Except that, unfortunately for one of the film’s two protagonists, Owen (Justice Smith), the enduring reaction is to deny the egg crack. To suppress it, to ignore that it’s happened at all. In order to convey this through the wonders of metaphor, Schoenbrun wields a Nickelodeon-esque TV show that Owen and his only friend (and fellow loner), Maddy (Brigette Lundy-Paine), are obsessed with. A word that, in this case, is no overstatement. Especially for Maddy, who introduces Owen, two years behind her in school, to the show when he’s in seventh grade and she’s in ninth. The two first encounter one another during Election Day, 1996, when Owen’s mother goes to vote for “the saxophone man” again (on a side note, 1996 had the lowest voter turnout among white people, but there was a slight uptick in Black votes compared to the 1992 election). It’s there that he first sees Maddy, sitting beneath a sign that reads, appropriately, “Welcome to Void High.” That’s right, their school is called Void High (allowing for the fitting acronym “VHS”)—because Schoenbrun wants to make sure her viewers know just what an empty space this place is. For any outcast, sure, but especially one who must constantly stifle their form of “otherness” that is “too other” for even the weirdest kids.

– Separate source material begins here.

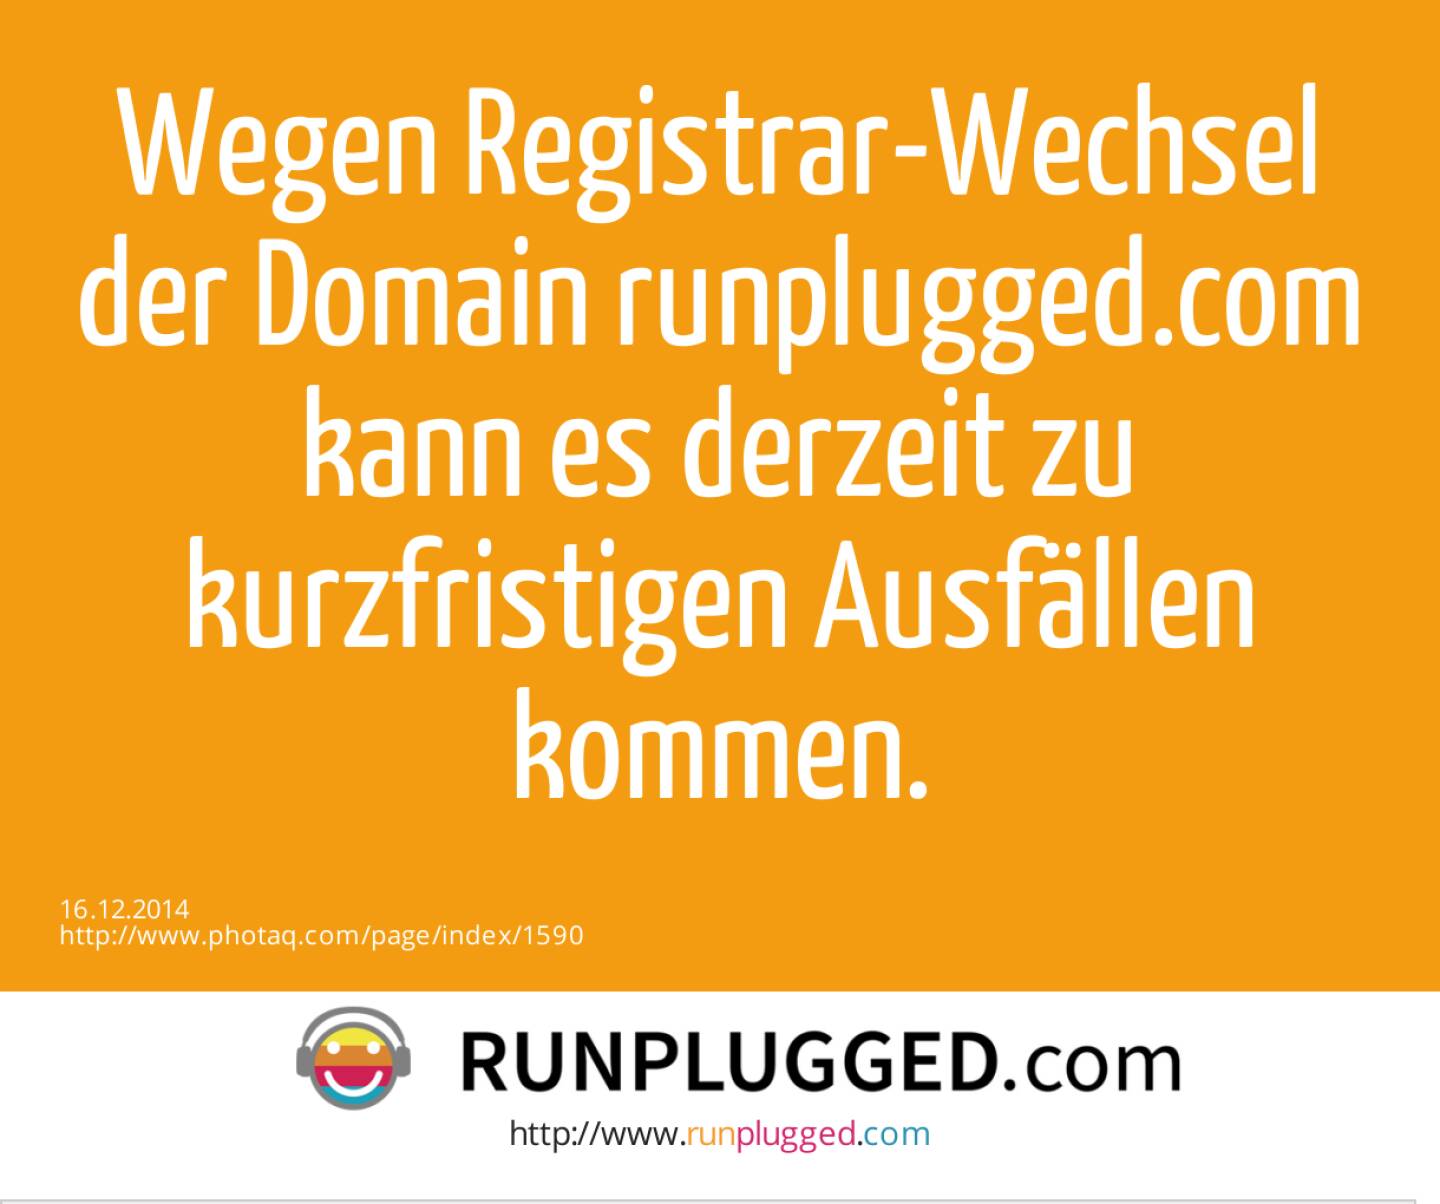 Wegen Registrar-Wechsel der Domain runplugged.com kann es derzeit zu kurzfristigen Ausfällen  kommen.

But in each other, Maddy and Owen seem to find someone who actually “gets it,” and all with minimal talking required. Almost as if they share…a psychic connection. This is in part why Owen is so inexplicably drawn to Maddy in the first place, approaching her despite her steely, aloof demeanor. However, allowing her barrier to come down ever so slightly when he expresses an interest in watching her favorite show, she tries, in her way, to be less “rude.” So it is that, against the backdrop of a Fruitopia (RIP) vending machine, Owen listens to her intently when she asks him, “Election Night is cool, right? It’s like Colonial Day [yeah, that was a thing]. Or when they bring the inflatable planetarium into the gymnasium. It’s like the school gets transformed into something else, you know?” This, needless to say, has a couple of underlying meanings. On the one hand, she’s alluding to the idea that the very place they’re in is a warped transformation of something else—their original, or “true” world—and, on the other, she’s referencing the idea of transformation itself, as it applies to them. Or, in Owen’s case, doesn’t. For, despite all the urgings from Maddy, and all the signs (sometimes literally) around him, Owen cannot bring himself to make the transformation he so clearly wants to. Maddy, in contrast, has been waiting for something to really change for what seems like her entire life. Or at least since The Pink Opaque first started airing.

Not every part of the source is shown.